This flow is identical for all other connectors.
Note
The DSXA Scanner sends malicious verdicts to the Deep Instinct Management Console. The Deep Instinct Management Console should always be considered the definitive source of malicious events
The only difference is how enumeration and remediation are implemented in the connector itself.
For example, when the Filesystem Connector is asked to quarantine a file, moves the file to ~/Documents/quarantine.
For a GCP connector, the file may be modified in place and prefixed. Each connector will specify its own implementation.
Why This Architecture Works🔗
You could write a script that:
- Walks a directory
- Reads files
- Sends them to DSXA
- Moves malicious files
But that script would need:
- Retry logic
- Backoff handling
- Progress tracking
- Parallelism
- Logging
- Failure isolation
DSX-Connect provides these capabilities centrally.
Connectors remain simple:
- List files
- Read files
- Act on files
As new connectors are added, they inherit the same resilience and scaling characteristics automatically.
Asset and Filter Model🔗
Connectors define their scan scope using two mechanisms:
DSXCONNECTOR_ASSETDSXCONNECTOR_FILTER
Asset🔗
DSXCONNECTOR_ASSET defines the exact root the connector owns. Full scans start here, and “on-access” feeds (webhooks, monitors) scope themselves to the same root. The exact meaning depends on the backend:
| Repository | Example Asset |
|---|---|
| AWS S3 | bucket-name or bucket-name/prefix |
| Azure Blob | container-name |
| GCS | bucket-name |
| Filesystem | /data/scan_root |
| SharePoint | site or document library root |
Asset defines the coarse boundary of enumeration.
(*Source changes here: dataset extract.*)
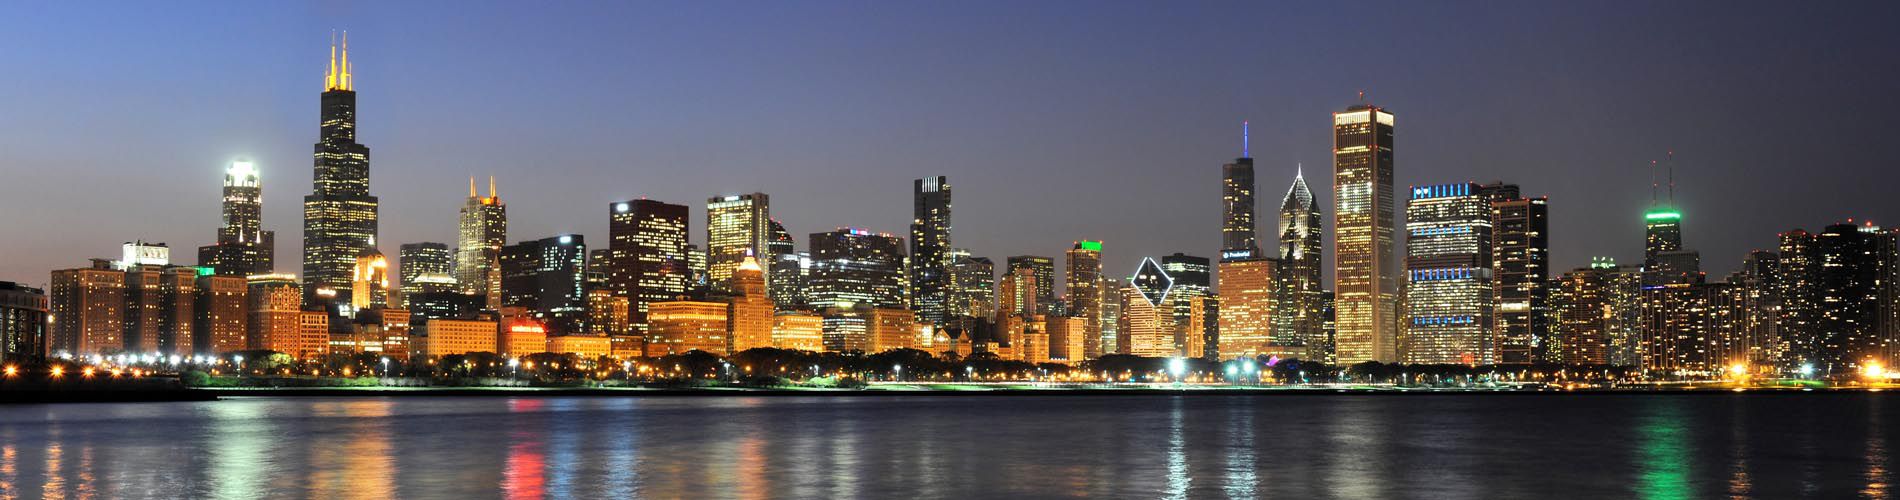 A skyline image of Downtown Chicago.

Providers can often optimize listing operations when the asset is narrowly defined.
Providers can often narrow list operations to name_starts_with that root/prefix, which keeps enumeration fast (listing is usually the slowest, most serial part of a full scan). Filters (below) are applied inside the connector after the provider lists everything under the asset—most backends do not support server-side include/exclude.
Always prefer the narrowest practical asset root.
Always set the asset to a stable, exact root — no wildcards. If you need multiple roots, deploy multiple connector instances.
Filter🔗
DSXCONNECTOR_FILTER applies rsync-like include/exclude rules under the asset.
Important:
Filters are evaluated inside the connector after enumeration.
Most providers do not support server-side include/exclude filtering beyond prefix scoping. This means:
- The connector still lists everything under the asset.
- Filters only reduce what becomes a scan request.
- Filters do not necessarily reduce enumeration cost.
Therefore:
- Use asset for coarse partitioning.
- Use filters for fine-grained tuning.
See Reference → Filters for detailed syntax.
Asset vs Filter Best Practices🔗
Prefer pushing boundaries into the asset:
| OK | Better |
|---|---|
asset=my-bucket, filter=prefix1/** |
asset=my-bucket/prefix1, filter="" |
asset=my-bucket, filter=sub1/* |
asset=my-bucket/sub1, filter="*" |
Filters vs Assets — Pros & Cons🔗
- Assets (partitioning at source):
- Pros: enables parallel enumeration; reduces per‑connector list volume; isolates failures per shard
- Cons: requires coordination of partitioning (naming/scope decisions)
- Filters (evaluation at connector):
- Pros: simple per‑connector scoping without changing infrastructure; expressive (rsync‑like)
- Cons: filters are applied after listing within the asset; for very large repos, exhaustive filters can still incur heavy list operations
Guidance:
- Prefer asset for coarse boundaries (folders/prefixes/libraries).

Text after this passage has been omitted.